# Tampa Repticon (F.I.R.E.)?



## Jerm (May 20, 2008)

Anyone attending the show this weekend in Tampa? I will be there with my table "My Jungle Herps", selling panther chameleons and tillandsias. If anyone is looking for a specific tillandsia for me to bring let me know by Thursday. This site shows tillandsias that I have access to bring: Russells Air Plants. I will have a good variety of them at my table. It looks like Tom Brown from Under the Canopy Farms will be giving a presentation on captive bred tropical amphibians. Hope to see some of you there! Stop by and say hello!


----------



## Jerm (May 20, 2008)

Forgot to add, I will have some Hydroton and fruitflies. If anyone is interested in some small broms let me know. I never know what people are going to be interested in when I do the shows.


----------



## dom (Sep 23, 2007)

im actually going up to ohio this weekend for my cousins wedding, so i wont be able to make this one. Tampa usually has a decent turn out froggers, I like to see the amazon milk frogs "Trachycephalus resinifictrix", and to gasp at how much ball python morphs can go for. UNBELIEVABLE


----------



## Paul G (Feb 27, 2007)

Looks like my wife and I will be going at this point. (unless something changes)

I guess we both have to be in Tampa to meet up Jeremy...even though we live up the road from each other. lol =P
Do you have any produing hydei cultures?

In addition to Tom & Jane Brown/Under The Canopy....Bill Schwinn will be vending the show.

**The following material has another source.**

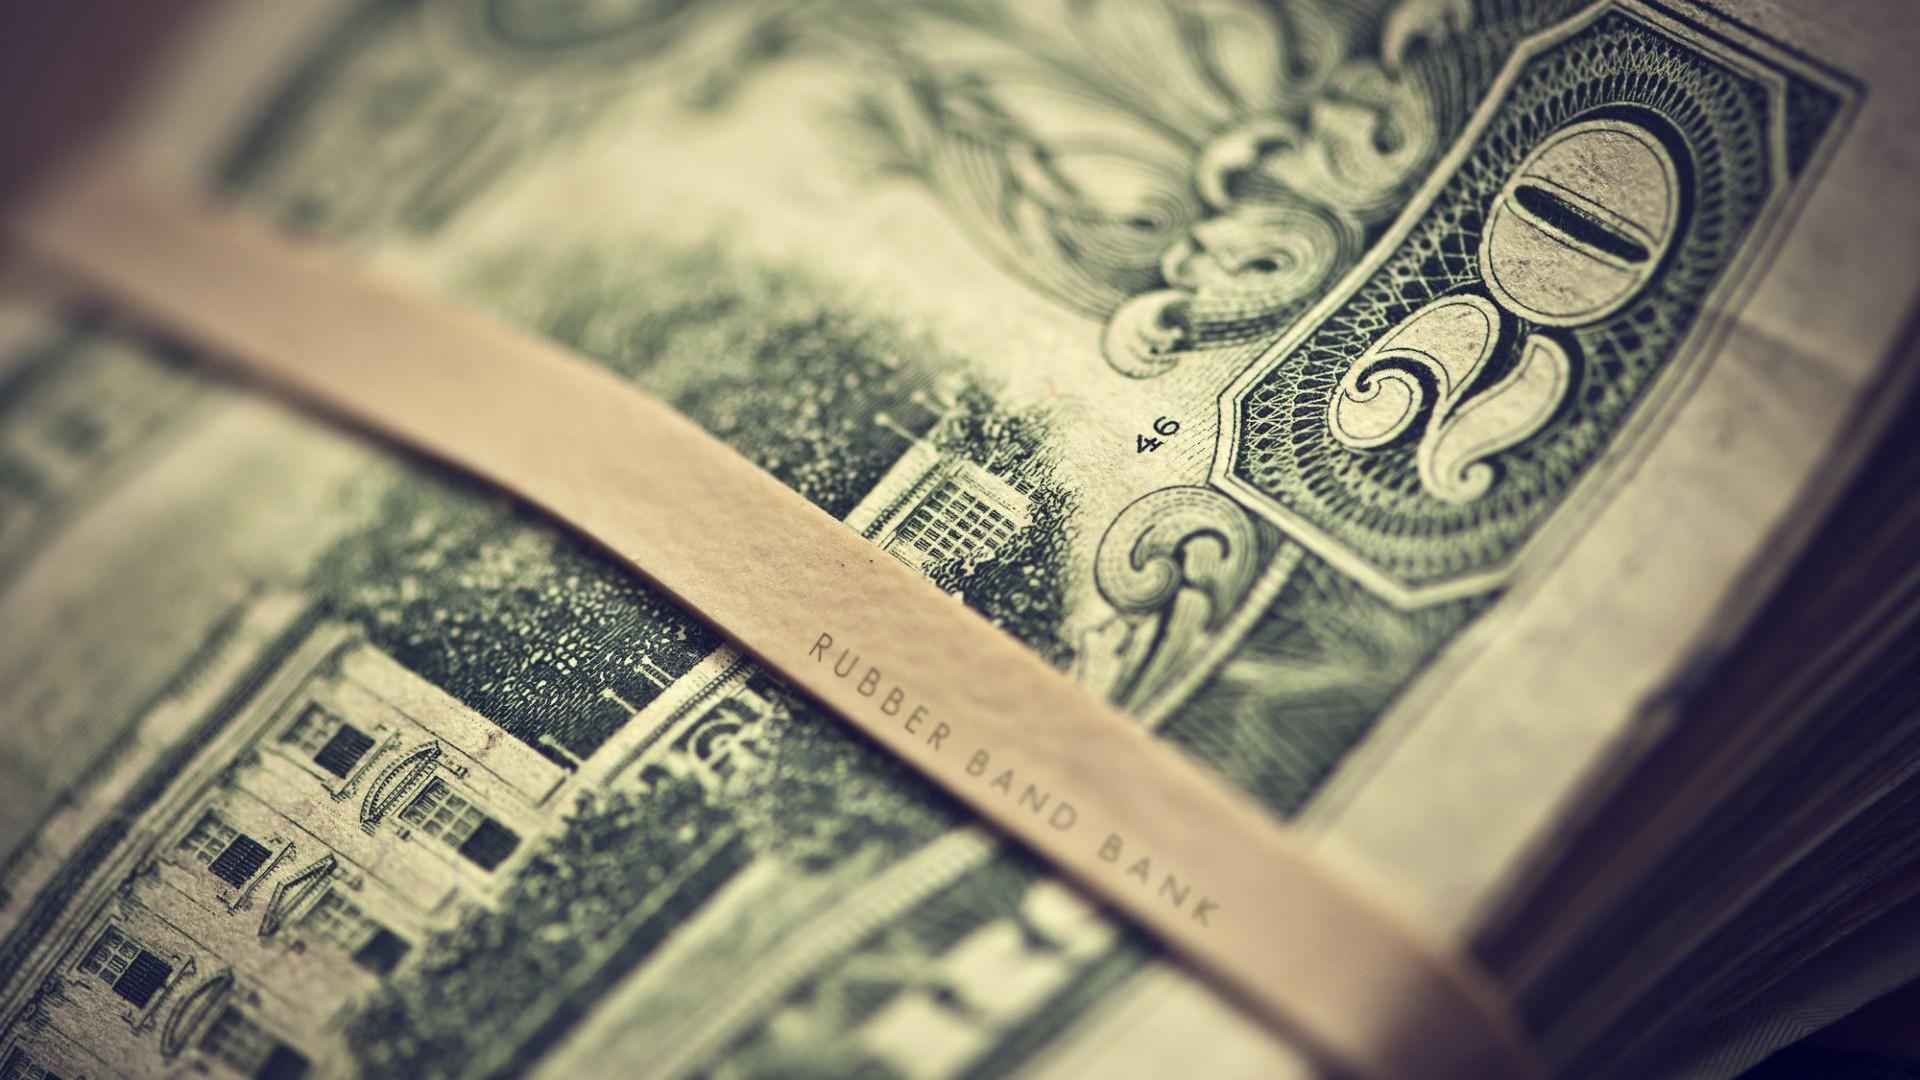 デスクトップ壁紙 モノクロ 被写界深度 お金 ドル紙幣 通貨

http://www.repticon.com/tampa.html


----------



## james67 (Jun 28, 2008)

ill be in town friday and saturday if any froggers want to meet up for a drink etc. dont think i'll make it to the show though.

james


----------



## LorenK (Apr 3, 2008)

Are you going to be at the Atlanta Repticon?


----------



## james67 (Jun 28, 2008)

no but we should talk about a GA meeting. PM me.

james


----------



## alabao15 (Mar 19, 2010)

I will try and be there on Sat.


----------



## Paul G (Feb 27, 2007)

Under The Canopy Farms availability for the show from Jane Brown....

"We will have Mint T, Vitatus and a few Aurotaenia. Azureus Tinc and green Auratus. Other Tincs: Sips,
Braz. Yellowheads, Cobalts, Powder Blue, Pats, Citronella and New Rivers. Some of the Tincs are "very limited" quantities."


----------



## Froggy (May 9, 2010)

Hey Jerm. I was just looking at your site, do you carry smaller Tillandsias for an 18x18x18 Exo? I would be interested in 4-5. Could you set me up/suggest something? 

Unfortunately I won't be attending the show in Tampa.

Thanks in advance.
Neil


----------



## james67 (Jun 28, 2008)

looks like i'll be attending saturday to pick up some frogs from bill. anyone want to meet up?

james


----------



## flapjax3000 (Jul 4, 2009)

James give me a call to let me know what is at the show. I might need your deliver service skills.


----------



## james67 (Jun 28, 2008)

anyone else going tomorrow?

james


----------



## alabao15 (Mar 19, 2010)

I'm going for sure now, I wont have to work so I'll be there.


----------



## Paul G (Feb 27, 2007)

Unfortunately I'm not going to be able to come to this show. Everybody have fun.
I hope everybody is going to the Daytona expo....I WILL! be there.


----------



## james67 (Jun 28, 2008)

alabao15 said:


> I'm going for sure now, I wont have to work so I'll be there.


when are you going? im planning on getting there at 1 or so.

james


----------



## james67 (Jun 28, 2008)

my # is 813 416 7085 if anyone wants to meet up.

james


----------